Cleanto Farina Weidlich - Carazinho/RS - 23/1/2008

"Caro Abílio. Não entendi tua objeção (Migalhas de leitores - 22/1/08 - "Circus"). Além da aposentadoria do juiz como punição, não esqueça que há também a 'disponibilidade remunerada', tão imoral quanto. Qual o fundamento dela? Além disso, qualquer pessoa que se aposenta não leva consigo o título, como o juiz que se aposenta ou é aposentado. Talvez alguns colegas teus que se houveram mal no cargo, por exemplo, tenham sido demitidos, até mesmo 'a bem do serviço público'. Por que não fazer o mesmo com o juiz indigno do cargo? Se ele tem condições de ser pensionista do Estado ou não é outra discussão, de natureza previdenciária. O problema do salutar projeto de lei mencionado é que só o STF pode propor alteração da LOMAN e ele, por motivos que ignoro, não o faz. A origem dessa 'punição' é bastante conhecida: os revolucionários de 64 tiveram escrúpulos (!) em punir juizes apenas porque estes 'pensavam diferente'. Colocá-los na rua em idade avançada seria uma monstruosidade que nem o propósito da 'moralização' do país justificava. A solução foi mandá-los para casa contra a vontade deles. Hoje essa motivação não mais existe. Juiz indigno deve ser demitido, como todo 'agente do Estado' que ele é. Abraço."
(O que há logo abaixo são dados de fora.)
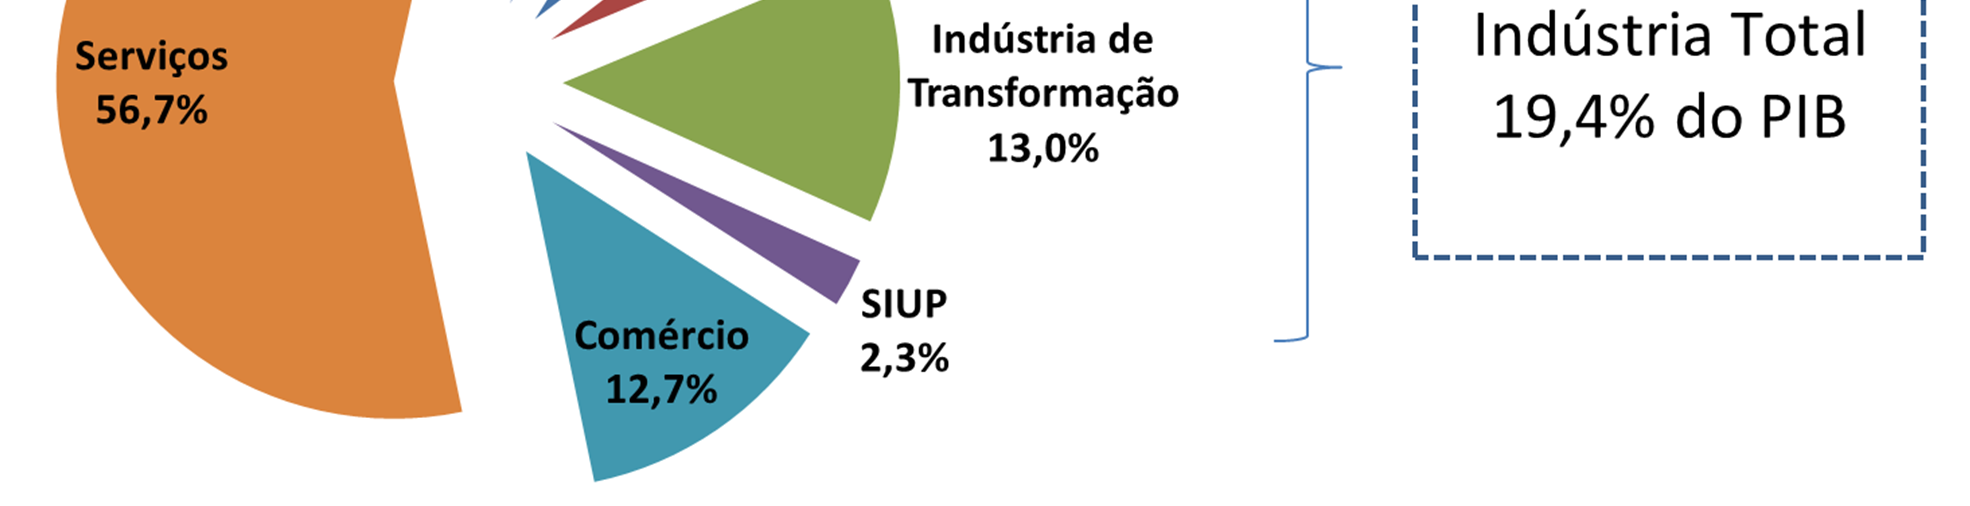 2. A INDÚSTRIA BRASILEIRA ATUALMENTE 2.1. Principais Setores da Indústria no PIB Segundo dados das Contas Nacionais do IBGE, em 2013, a indústria de transformação foi responsável por 13,0% do PIB.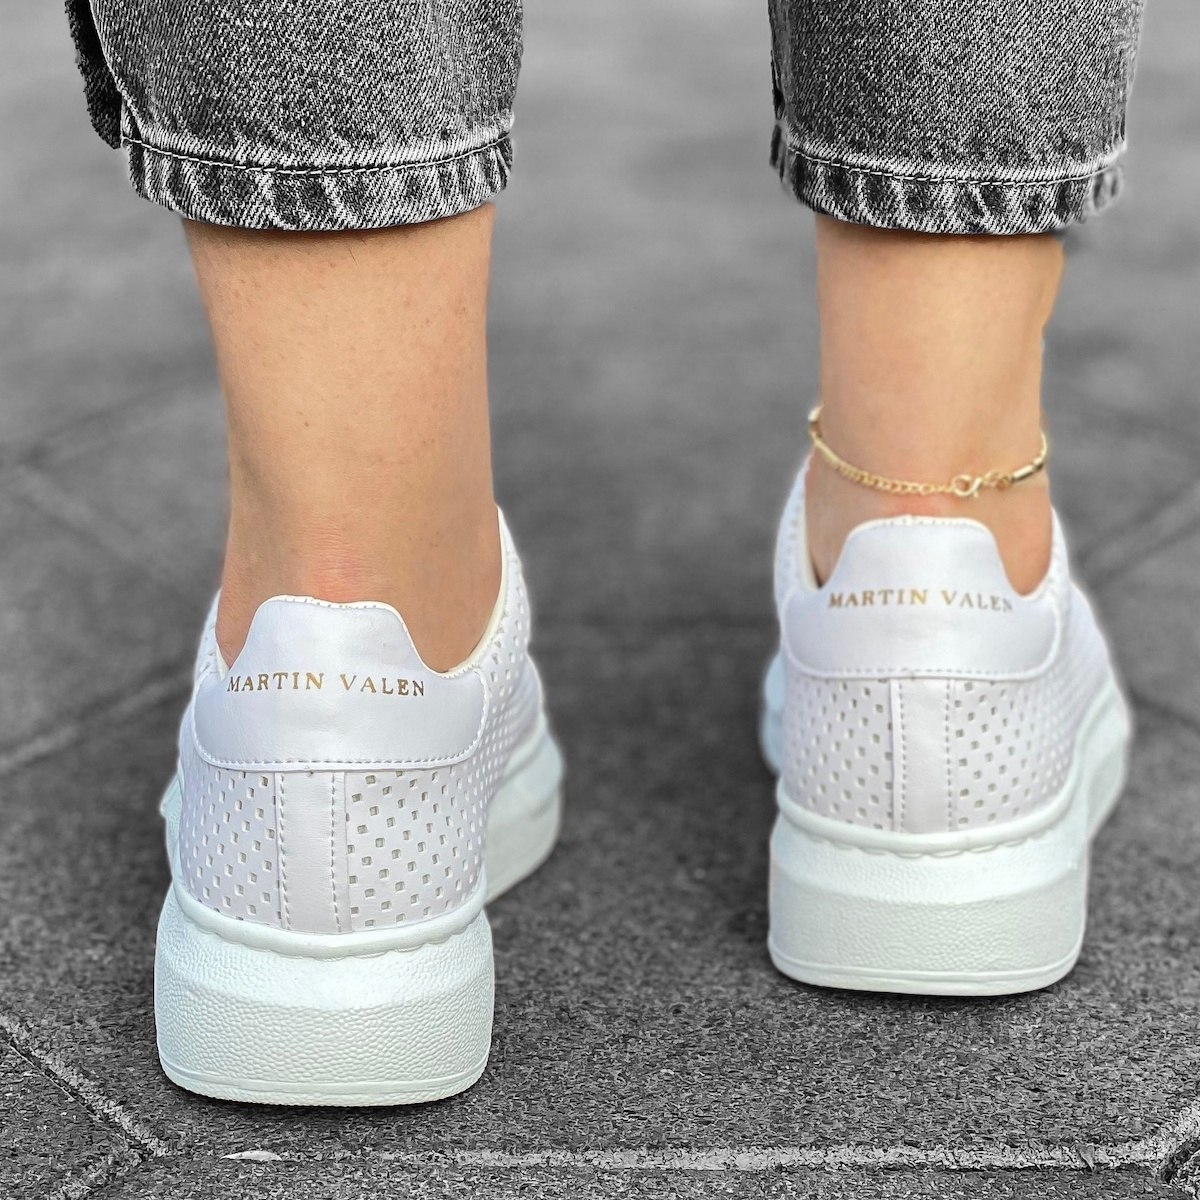 Martin Valen Women’s Chunky Side-Mesh Sneakers in White | Martin Valen

A. Cerviño - SP - 23/1/2008

"Sugiro ao leitor Antonio Conde que vá ao Google e tecle três palavras: promotor, tiros e motoqueiro. Com isso ali ele verá alguma coisa sobre os tais disparos e saberá que com a vítima foram encontrados 'bagulhos', mas arma nenhuma. Se fosse advogado criminal, o colega saberia que ladrão só leva relógio de marca, pois ninguém compra 'bagulho'. Se for a algum livro de Direito Penal, saberá que a defesa, para ser legítima, exige que o agente aja com 'moderação'. Nenhum juiz jamais considerou haver moderação quando o agente descarrega a arma contra o desafeto. Houve, no caso, 'excesso doloso', que descaracteriza, quando se cuida de um cidadão comum, a alegada legítima defesa. Aliás, a fuga do agente, sendo ele quem é, diz muito sobre o caso."

Silvio Alonso - 24/1/2008

"Caríssimo Adauto Suannes, não me fiz entender. Sou contra apenas a transformação do regime de previdência do servidor no qual a aposentadoria era financiada pelo Tesouro, pois este benefício era um prêmio aos probos. Foi assim com as Leis 1.711/52 e 8.112/90. Aí apareceu a Emenda 20/98 e o servidor passou a ser segurado. Como impedir que lhe seja concedida a aposentadoria se contribuiu para tal? Como poderá existir cassação de aposentadoria? Eu não estranho que essas cassações continuem existindo porque se o STF considerou legal a contribuição de inativo, não me surpreenderá se decidir também que a aposentadoria ainda pode ser cassada. Quando o Judiciário irá entender que as mudanças das Emendas 20/98 e 41/03 foram mais profundas do que se pensa?"